Filming on the movie - which also stars Matthew Goode, Annabelle Wallis, Lily-Rose Depp and Lucy Punch - ended just two days before the UK's first lockdown in March 2020 and Keira admitted the shoot was "really weird" because there were so many parallels to real-life events.

She told Stella magazine: "It was really weird. We were making a film about an experience and then the experience suddenly started happening around us.

"We were filming scenes about the shops running out of food at the same time as the news was becoming full of stories that all of the toilet paper had gone.
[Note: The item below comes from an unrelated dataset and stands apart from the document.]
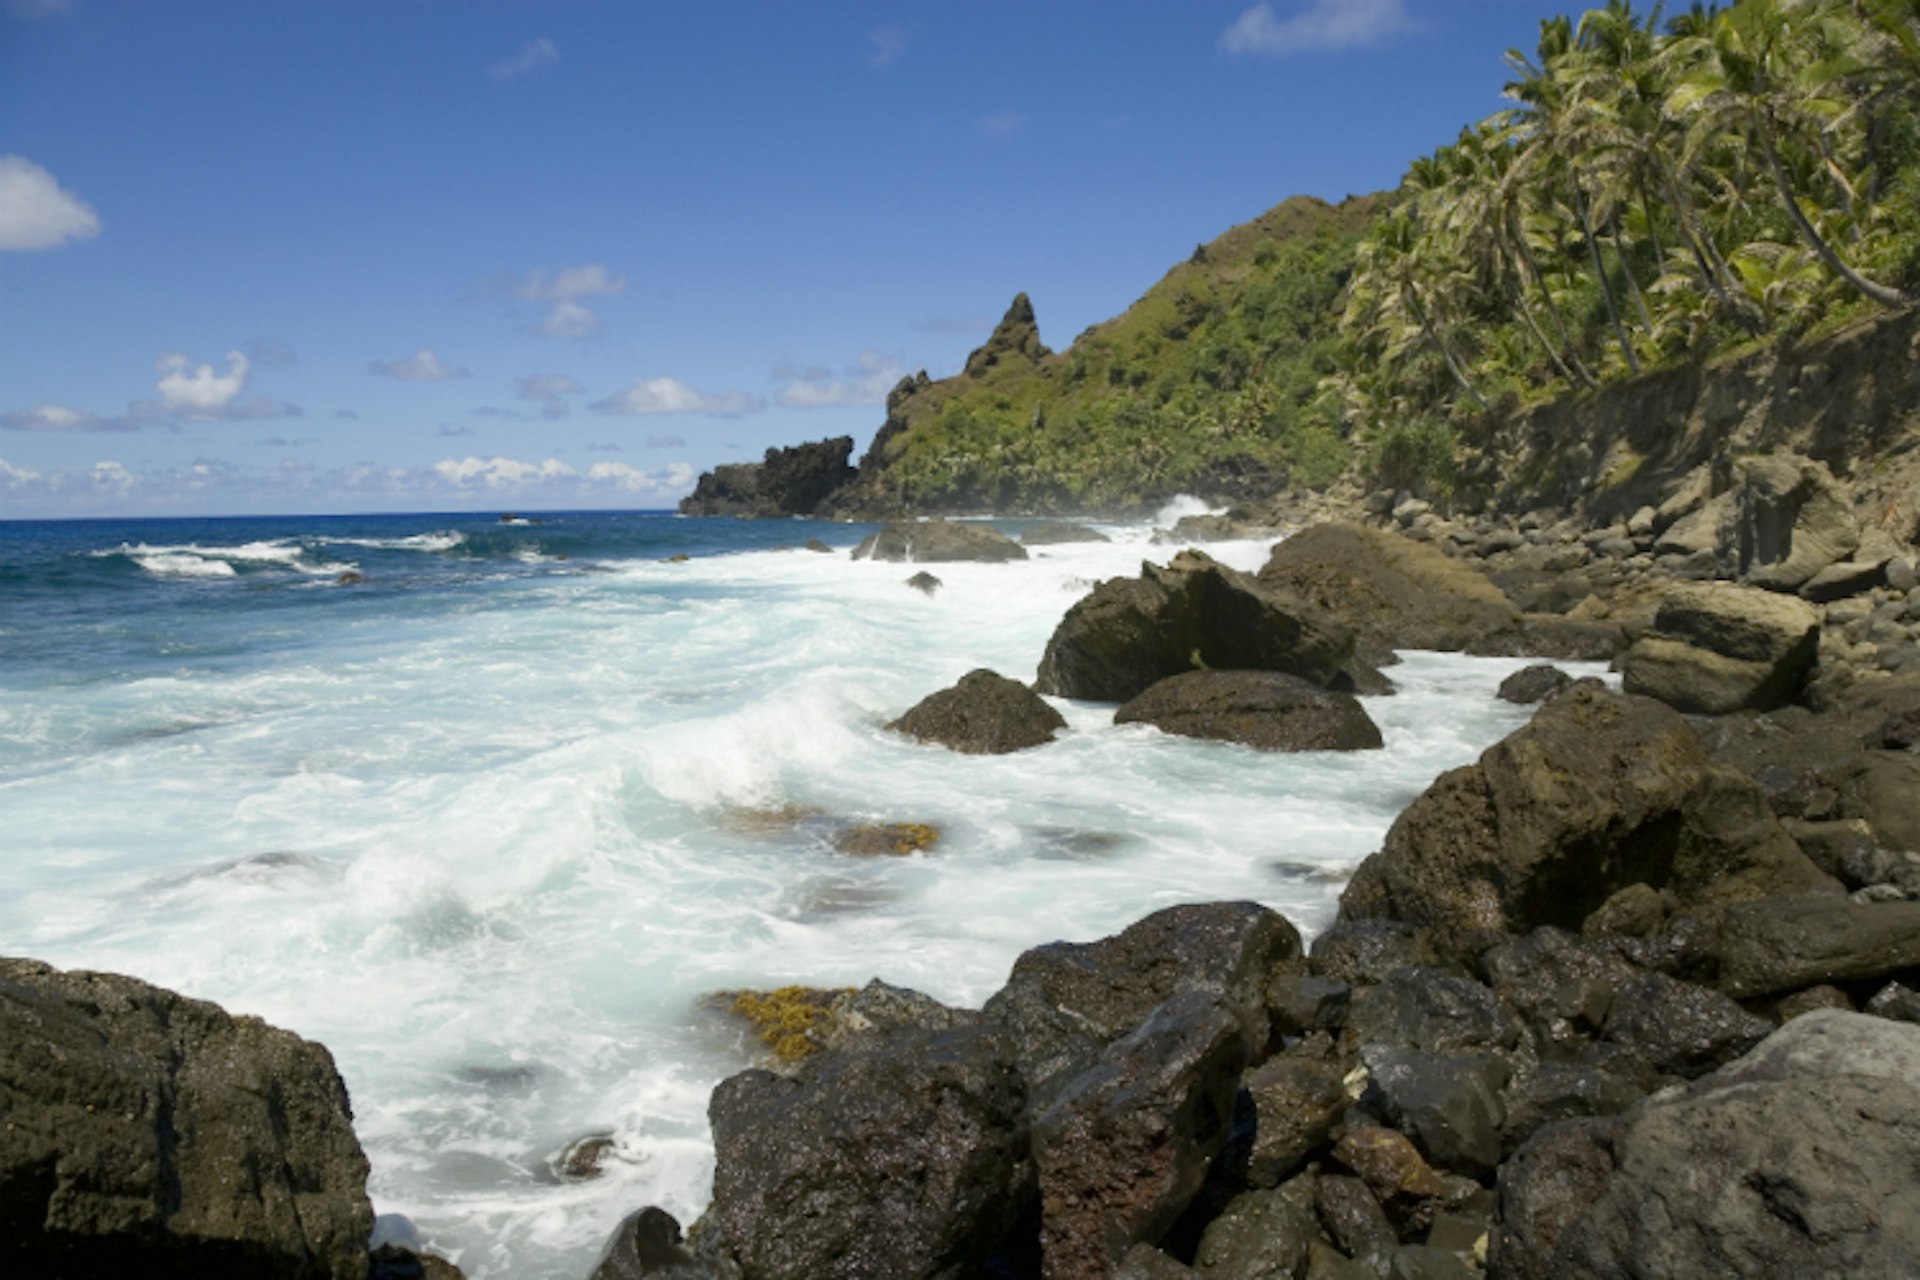 Stranded in the South Pacific, Pitcairn is an ambitious choice of destination. Image by Michael Dunning / Photographer's Choice / Getty Images

"The last scenes we shot before we got shut down were our family death scenes and we were desperately trying to finish so that Lily-Rose could get back to Paris to be with her mum [Vanessa Paradis] before they closed the borders. It was incredibly strange for everyone."

When she was sent the script for the film, which includes scenes of parents killing their children, Keira's agent warned her she might "hate" the project, but that made it instantly capture her interest.

She said: "I’m not frightened of contentious.

"It’s impossible that you’re going to be liked by everybody. That’s just a task you’re never going to win, but I love doing work that people will have a dialogue with, whether that’s positive or negative. I think that’s a very exciting place to be."